We did not find significantly overrepresented subsystems related to CO2 fixing pathways in our analysis. This could in part be related to difficulties in assigning metagenomic reads to function. Nitrosopumilus, the most abundant of the nitrifiers overrepresented in the Troll area, is assumed to use a variant of the 3-hydroxypropionate/4-hydroxybutyrate pathway (3HP/4HB) for CO2 fixation . This pathway is not well defined in the SEED subsystems of MG-rast (version 2). Further, although N. maritimus most likely uses the same reaction sequences as described for Metallosphaera sedula, not all reactions are catalyzed by identical enzymes . It is still not clear whether ammonia oxidizing archaea are dependent on autotrophy or not. A mixotrophic lifestyle has been indicated for Nitrosopumilus and other (mainly marine) group I.1a Thaumarchaeota, while heterotrophic growth has been observed for Thaumarchaeota of group I.1b (most common in soils) [52-55]. Since 4-hydroxybutyryl-CoA dehydratase/vinylacetyl-CoA-Delta-isomerase, a characteristic key gene of the 3HP/4HB cycle , has been detected by the KEGG Automatic Annotation Server (KAAS) [57,58] among metagenomic reads assigned to N. maritimus from the Troll metagenomes in a separate study  it is likely that Nitrosopumilus in the Troll area has the genetic potential for autotrophy.
Most taxa were present in all metagenomes and differences in community structure and metabolic potential between them were mainly due to abundance variation. Despite detection of a few reads assigned to key enzymes for methane oxidation in Tpm1-2, our analyses revealed no general increase in the potential for methane oxidation in the surface sediments of Troll pockmarks compared to the Oslofjord. The analyses are thereby supporting geological analyses indicating no, or very low, methane seepage at the present time. Despite high concentrations of hydrocarbons in the Troll area, compared to the Oslofjord, significantly increased potential for hydrocarbon degradation could only be detected in two of the Troll metagenomes.
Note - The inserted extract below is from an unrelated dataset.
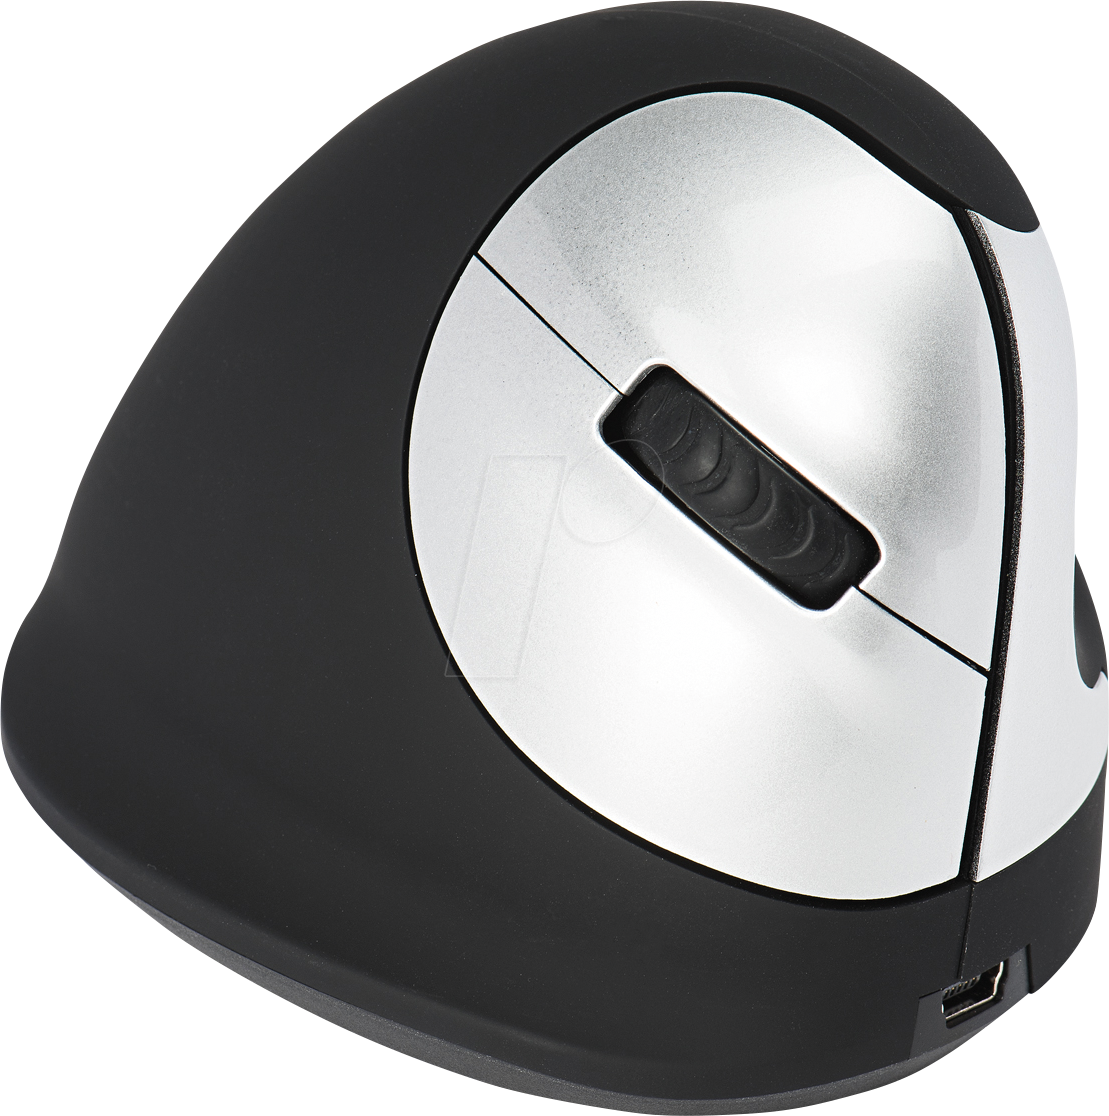 R-GO HEWL - Maus (Mouse), Bluetooth, vertikal, Rechtshänder, M von R-Go Tools

Overrepresentation of subsystem and key enzymes supported an increased potential for aromatic hydrocarbon degradation in these samples.
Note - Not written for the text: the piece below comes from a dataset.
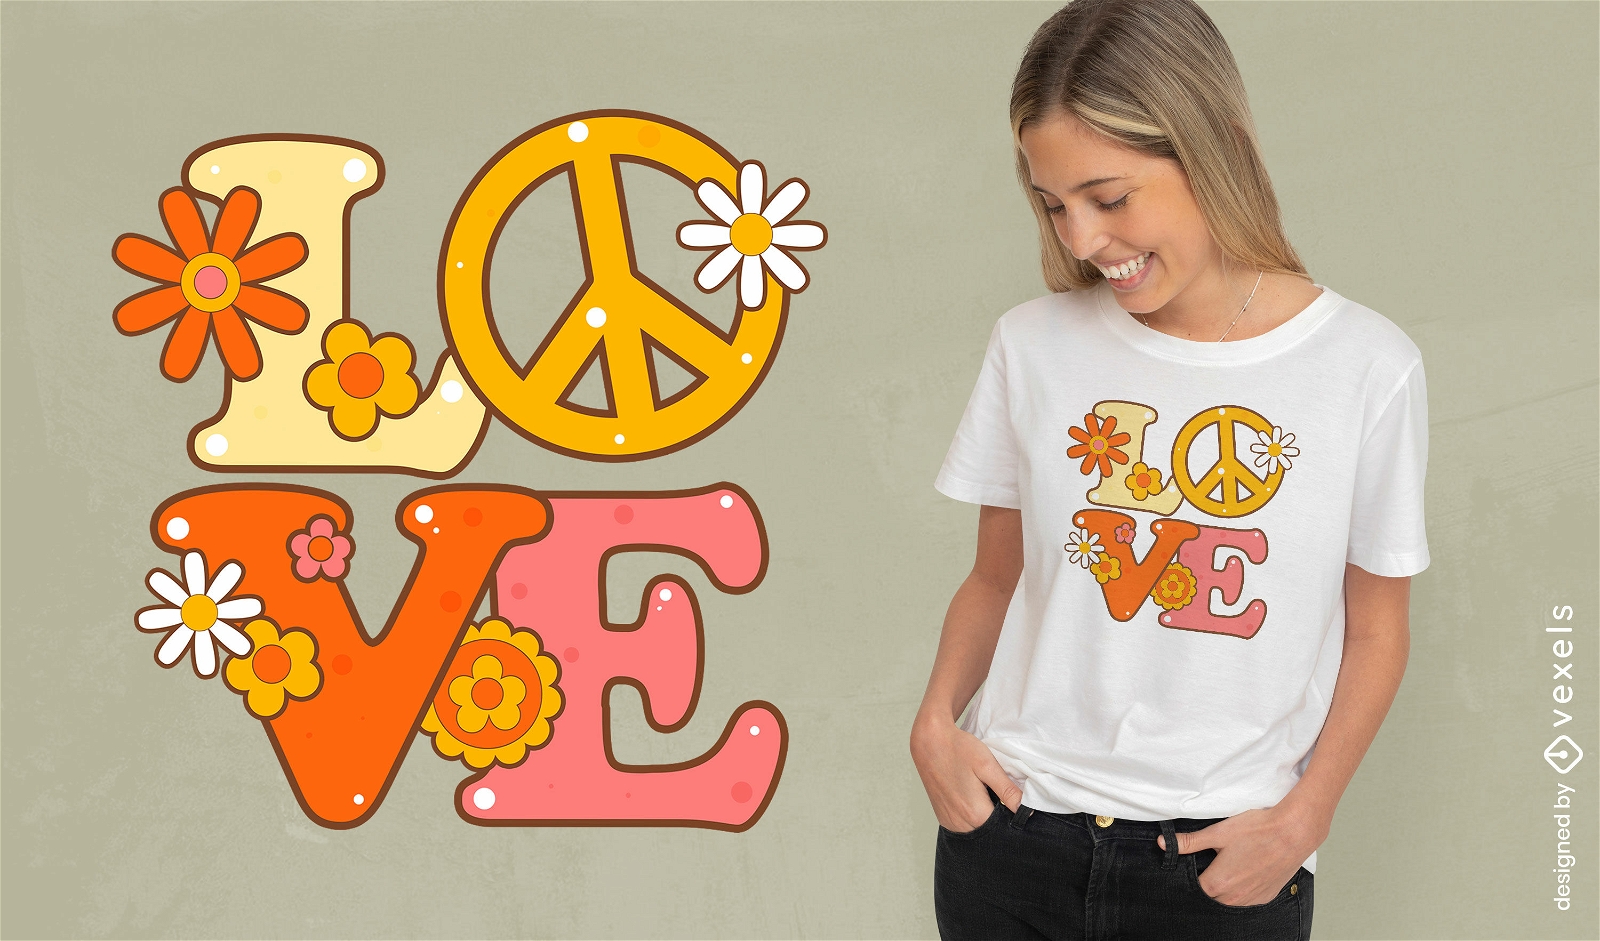 Diseño de camiseta con gráfico de amor y paz.

The proposed extended use of aromatic hydrocarbons as a carbon source could be a result of the lower alkane concentrations measured in these samples compared to the other Troll samples. Given the placement of the sampling sites, less bioavailability of nutrients essential for hydrocarbon degradation is a likely factor limiting the hydrocarbonoclastic subcommunities at the other sites.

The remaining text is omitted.